Yoke Bar High Box Squats
* 7-8 warm up sets working up to 4 quarters per side for 4 singles, 3 sets of 3, and 2 sets of 10, then a few more singles.

- I did the "few more sets of singles" as I needed help with my "stupid shit set" and was waiting for others to get done with their dynamic bench work. I knew spotting me was going to fuck their sets and reps up so I just did more warm up sets until they were done.

 

 

* STUPID SHIT SET - went back down to a quarter per side and did what you see in the video.  This is not recommended, highly doubtful it will make you bigger or stronger but is part of the stupid shit I do from time to time. I either come up with - or in this case - someone else comes up with some stupid idea about something I am not sure I would be able to do. Then I think about it for days and if it is a fucked up enough idea I have to find out if I can do it or not. If I do decided to then I modify it to lessen the chance of me breaking something or popping my hip out.

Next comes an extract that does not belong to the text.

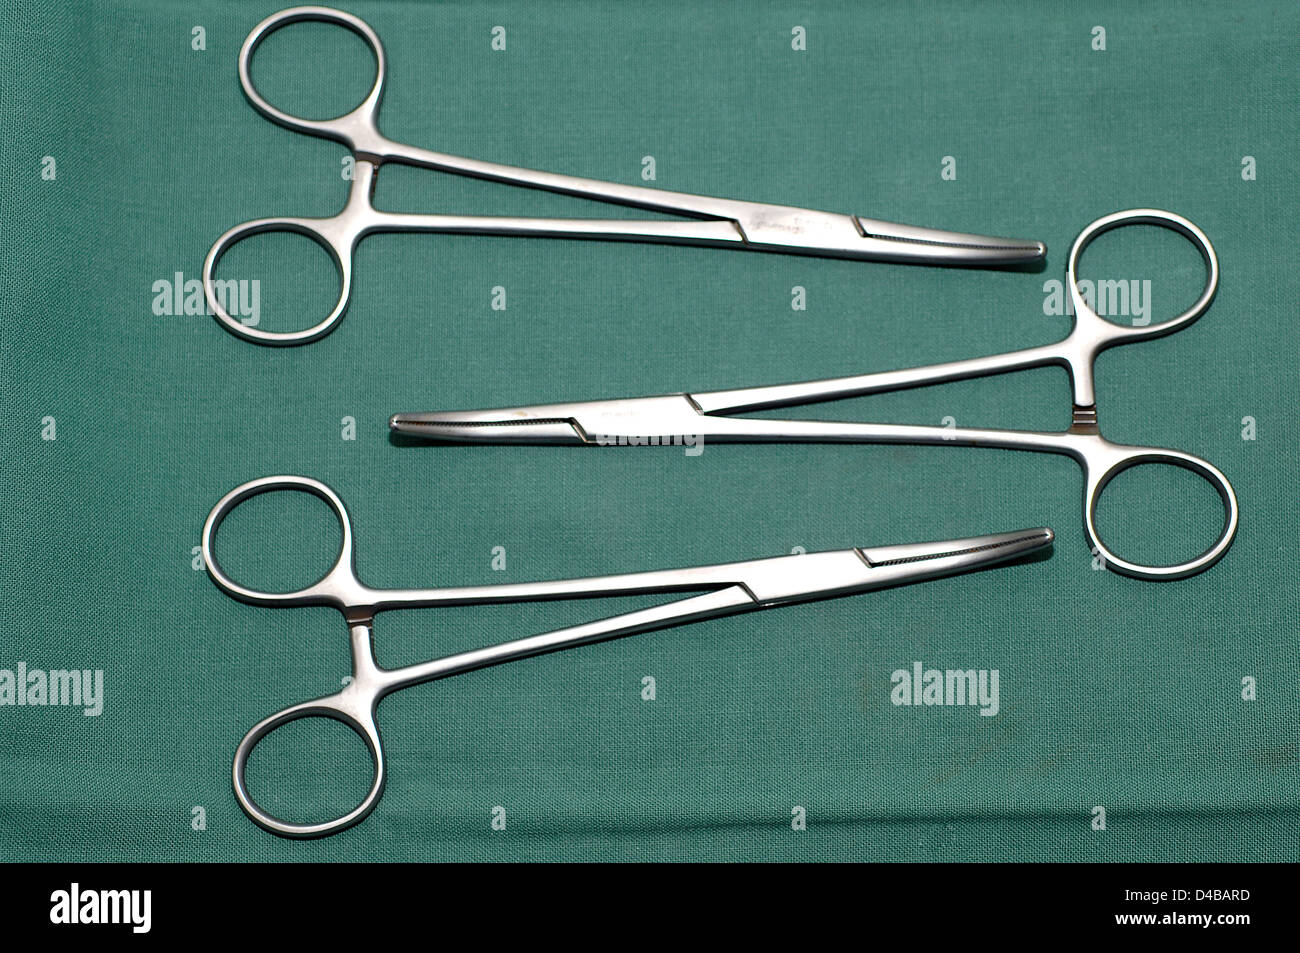 Artery forceps for grasping and compressing an artery. Stock Photo

This idea came to me as starting with 10 quarters per side for 5 and working down a quarter (5 reps each) and then back up to 10 plates again all for 5 reps. I liked the challenge of this but hated the risk with it set up like this.  Doing it this way, with a replaced hip and a second one that is trashed, would mean when I get back up to the top weight 565 for 5 it will be after doing 95 reps. I do some stupid shit but these is a line. Hitting a heavy 5 after 95 reps crossing the line from stupid shit - very high risk.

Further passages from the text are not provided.